Two important breakthroughs in stem cell biology were reported recently. First, some background. There are two kinds of stem cells (SC): adult (somatic) and embryonic. Adult SC come from adult tissue. Embryonic SC are obtained from the inner cells of a blastocyst, a ball of cells formed 5 to 7 days after fertilization of an egg. As opposed to adult stem cells, embryonic SC are pluripotent, i.e. they can differentiate into any cells in our body and cultured in a lab dish to produce millions of specialized cells which have potential to replace damaged or diseased tissues.
With the Bush administration’s ban on federal funding for research with new human embryonic SC lines, most experiments have been done with embryonic SC from other mammals with preliminary but promising results. For example, neurons from mouse embryonic SC have been used to treat Parkinson’s disease and spinal cord injuries, pancreatic beta cells to treat diabetes, and cardiomyocytes to repair heart muscle, all in mice.

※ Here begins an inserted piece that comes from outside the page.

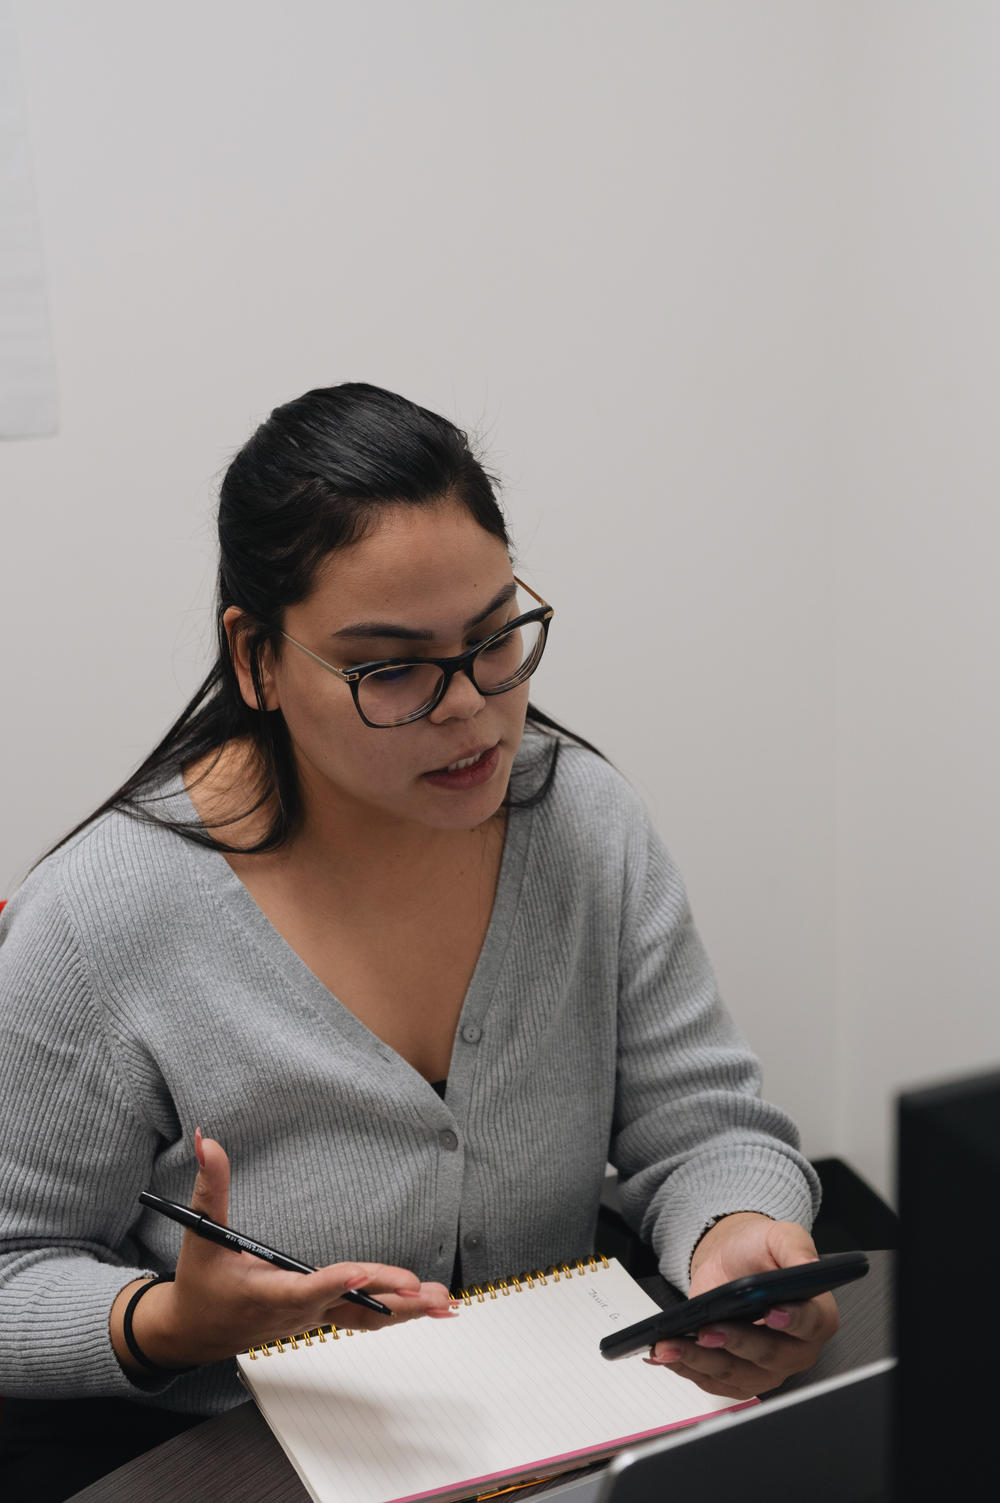 While most people need rent help, Juarez says that's not always the most urgent problem. She's used the allocated money for payday loan debt, appliances, laptops and, recently, an e-bike for someone whose mental illness made it difficult to take public transportation.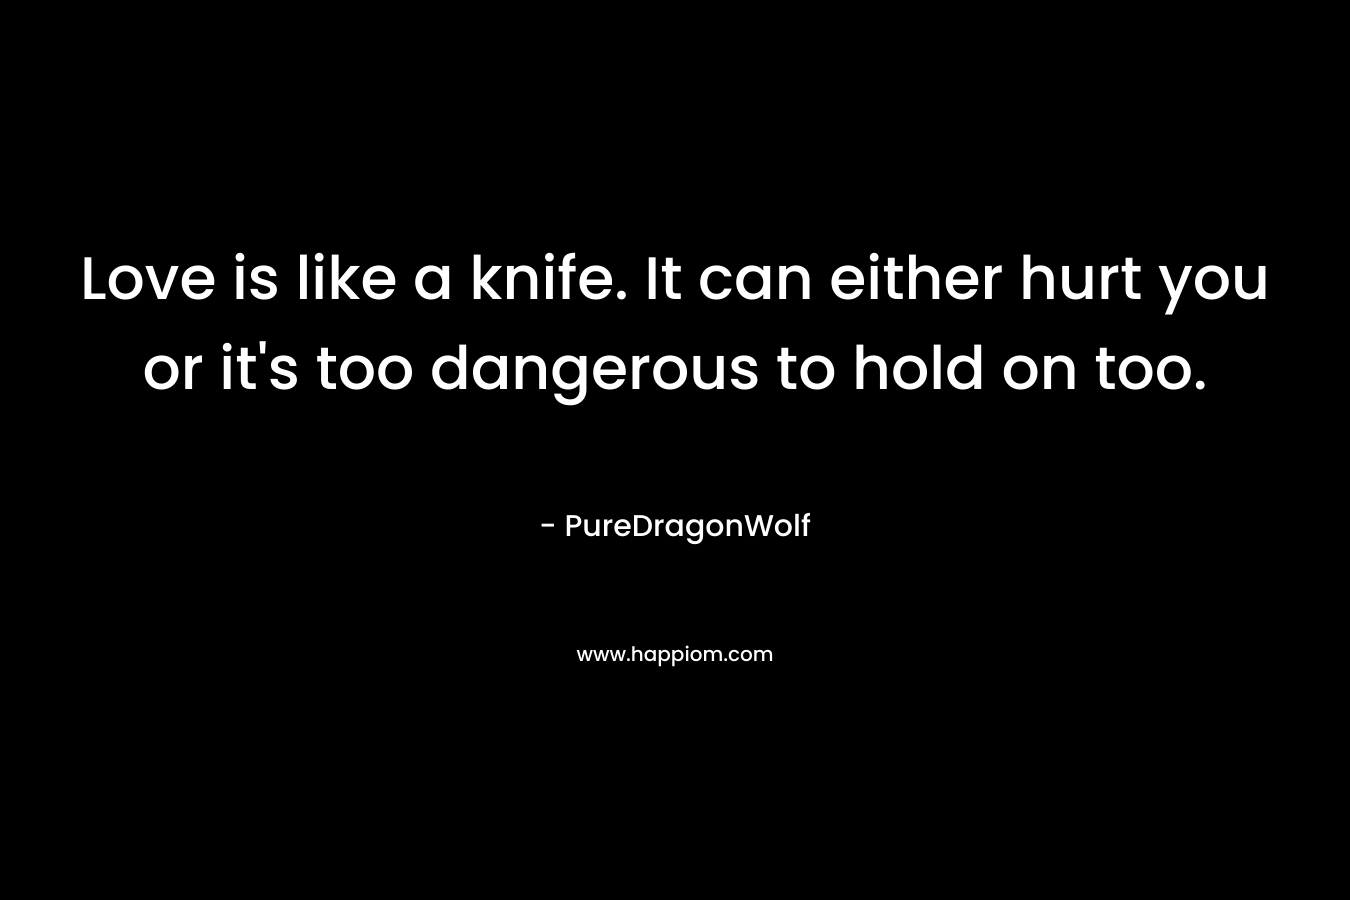 Love is like a knife. It can either hurt you or it’s too dangerous to hold on too. – PureDragonWolf

However, differentiated cells from the SC of one individual, used to treat a different individual, can be rejected by the recipient’s immune system. This problem can be overcome by “somatic cell nuclear transfer” (SCNT) whereby the nucleus from a normal (patient’s) cell, e.g. skin cell, is transferred to an enucleated egg cell and then stimulated to generate embryonic SCs with a genetic match of the patient.
SCNT had been successful with mouse cells, but until recently not with primate cells. In November researchers from Oregon reported successful SCNT with monkey cells making it likely that SCNT can be successful in human cells. However, they used 304 eggs from 14 rhesus monkeys to generate just two embryonic SC lines. Human therapies will require far fewer eggs.
A second major breakthrough was announced one week later. Investigators in Japan and, independently, in Wisconsin, reported that adult human cells, e.g. skin cells, could be reprogrammed to generate pluripotent stem cells. The Japanese had shown earlier that mouse somatic cells could be so programmed by introduction of four specific genes. Their recent paper showed that the same four worked with human somatic cells. An adult differentiated cell from an individual has his/her genomic DNA in the generated stem cell, eliminating need for SCNT.
However, in this procedure also, problems need solving before used in therapies. Introduction of the four genes into the somatic cell was mediated by retroviral transduction, i.e. the viral genome with the inserted gene acted as a “vector” to enter the cell. Three to six such insertions of each gene were to random sites in the cell’s genome which increased the risk of tumorigenesis. In the mouse experiments about 20 percent of the recipient mice developed tumors. The vector cannot pose a risk of tumor development.
Although not discussed, insertion of these genes at random sites also poses the possibility of disrupting normal gene expression. Random insertion of genes in genetically engineered plant crops has been a concern for many years, since other inheritable traits could be affected. The authors note that it might be possible to induce the four genes in the cell’s genome with small molecules that can enter the cells, so the genes would not have to be transferred into the cell. That would be much safer.
It is ironic that opponents of embryonic SC research, including President Bush, have hailed the latter breakthrough as proof that science has shown that pluripotent stem cells can be derived without destroying humans, i.e. destroying the tiny blastocyst about the size of this period.
First, without the research with embryonic SC, there wouldn’t have been these studies on somatic cells. In fact, Dr. James Thomson, who first identified embryonic SC in 1998, was senior author in the Wisconsin group that reprogrammed somatic cells. He felt the political controversy set the field back four or five years. Second, proponents of embryonic SC research have supported research in all areas of stem cell biology and welcome these findings.
Regardless of which procedure will ultimately be the most effective for therapies, the various lines of study will continue to complement each other and hasten progress.
Most important, science should not be restricted by religious dogma. Many religions and religious leaders (including some catholic theologians) do not agree that humans have a “soul” upon fertilization of the human egg. Even if all did, religious dogma should not be a weapon to stifle scientific research, in this case research that holds promise to alleviate many dread diseases and prolong human life.
David Kennell (kennell @borcim.wustl.edu) is professor emeritus of molecular microbiology at Washington University School of Medicine in St. Louis.